For the next three years, until the end of hostilities, Kościuszko and Hull remained inseparable. When the revolutionary forces finally won a victory and the last British soldiers left the United States, it was parting time for our heroes as well. The Pole asked Agrippa to sail with him to Poland, but his orderly had already grown tired of the big world. Although he idolized his general (Kościuszko was promoted to brigadier general by the Continental Congress in 1783, ed.), he dreamed of returning to his quiet Stockbridge. The future Commander of the Polish National Armed Forces, who was himself homesick, fully understood these feelings. Bidding farewell to his faithful companion, he gave him a gold-encrusted pistol as a souvenir, which he had brought to America from Warsaw. Hull kept this gift until his death and displayed it as eagerly as he talked about his experiences at Kościuszko’s side, always ending his stories of the Polish officer by saying that he was truly a great man. They were given the opportunity to meet again in 1797, when Kościuszko again came to the US. Upon hearing that his beloved general was in New York, Hull set off hastily. After 14 years of separation, the two friends were able to enjoy each other’s company again.
It is possible that it was his acquaintance with Hull that inspired Kościuszko to make a bequest in his last will to serve the purpose of liberating, educating and providing a livelihood for as many American slaves as possible. Unfortunately, this will was never implemented.
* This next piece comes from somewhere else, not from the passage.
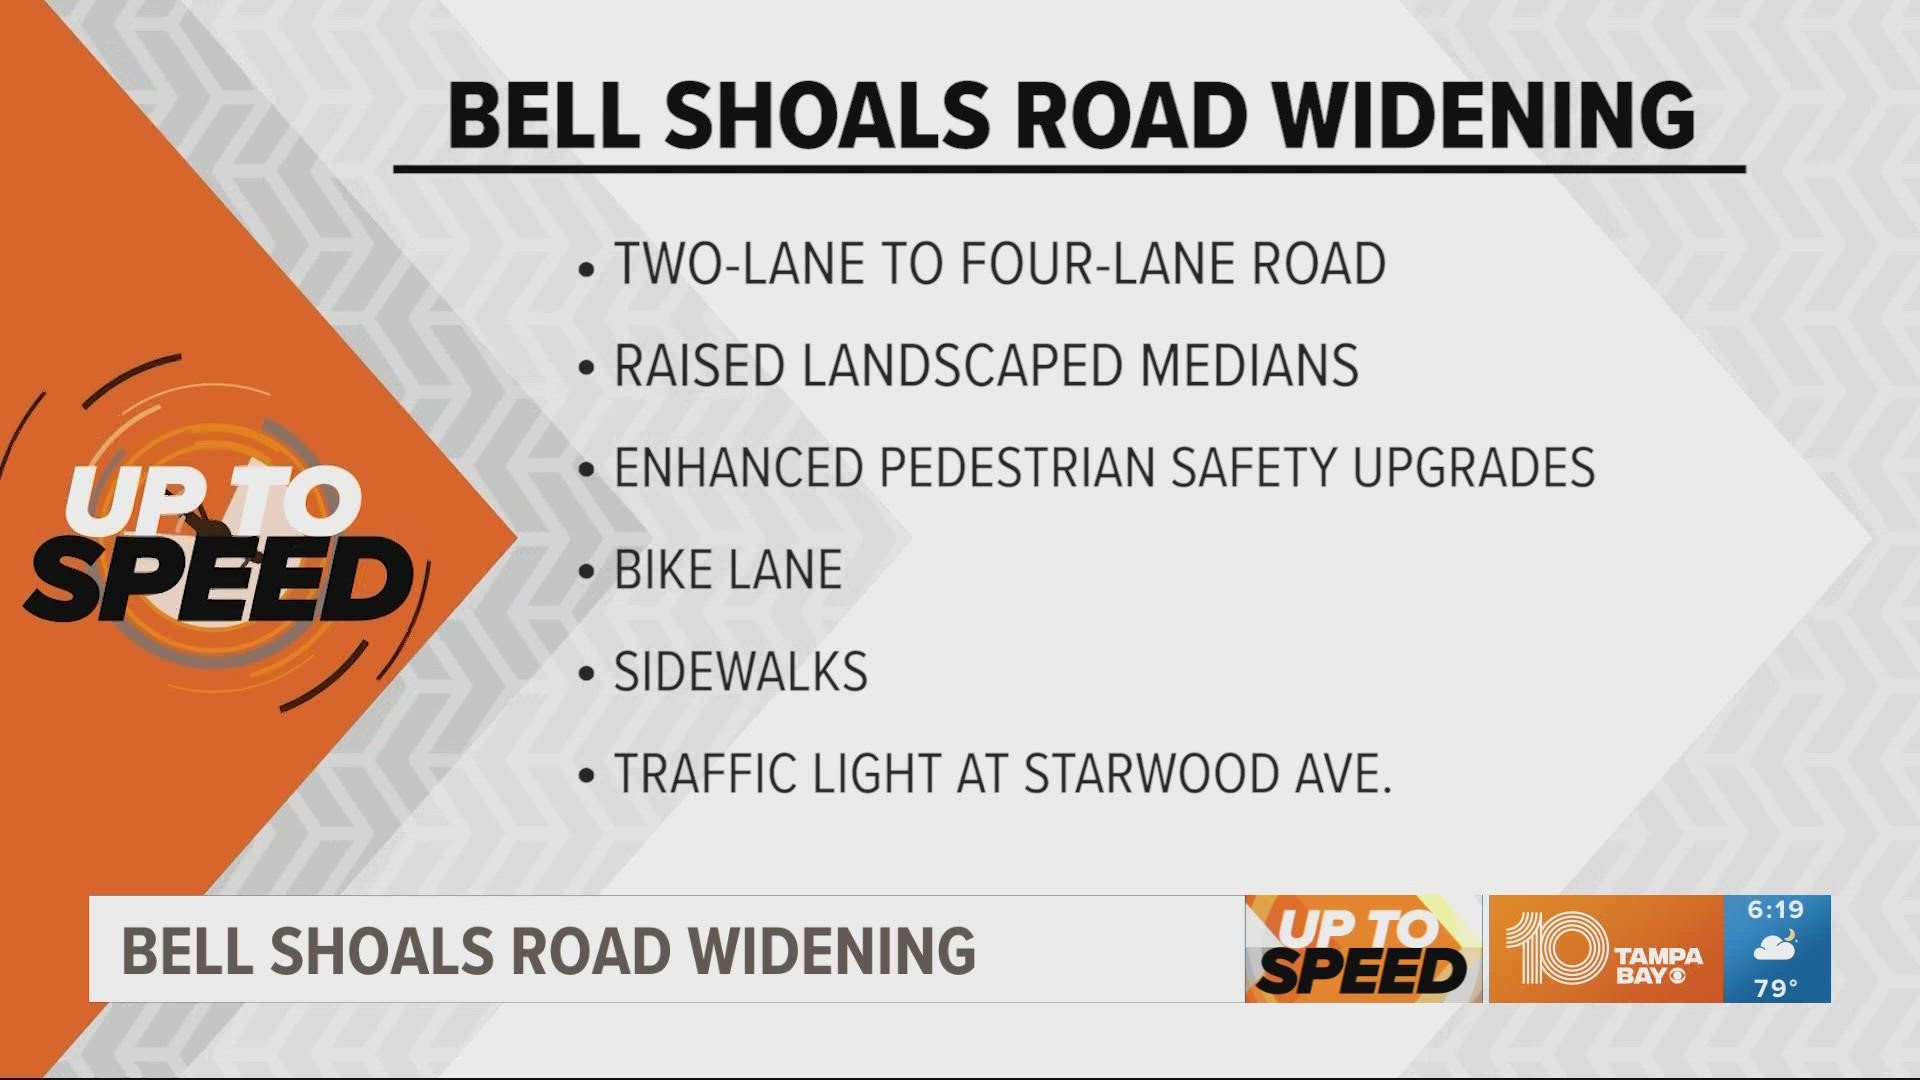 Bell Shoals is going from a two-lane to a four-lane road.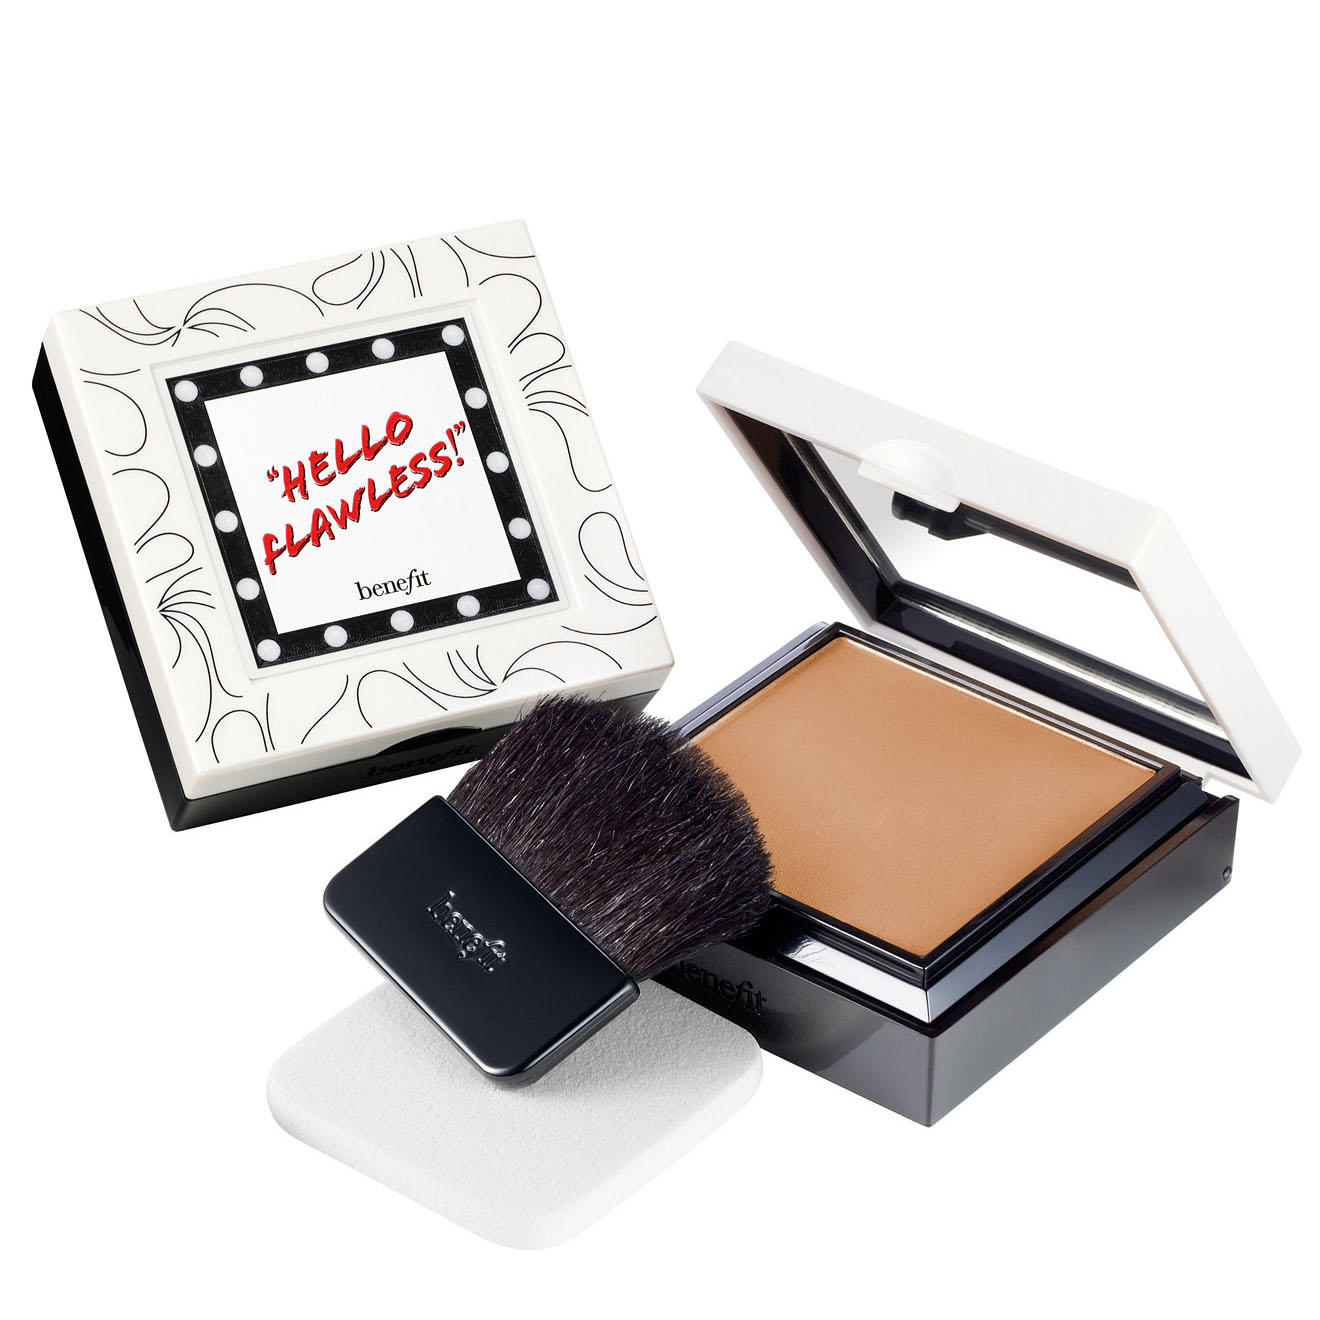 Benefit Cosmetics Hello Flawless! SPF 15 What I Crave Toasted Beige

Appointed as his executor, Thomas Jefferson, himself a slave owner, washed his hands Pilate-like after the Pole’s death, and the matter of the thousands of dollars left by the Polish nobleman lay in the courts for the next several decades. None of the people to whom the money was supposed to go saw a single cent.
It is also possible that Kościuszko later extended his reflections about the fate of black slaves, provoked by his contact with Agrippa, to Polish peasants living in equally terrible conditions of serfdom. If so, then it can be said that the Polish Proclamation of Połaniec that granted civil liberties to all peasants in the Polish-Lithuanian Commonwealth owed its issuance to some extent to an industrious and witty black farmer who for decades farmed his land in Stockbridge, in his spare time entertaining his neighbors with his tales of the Polish general.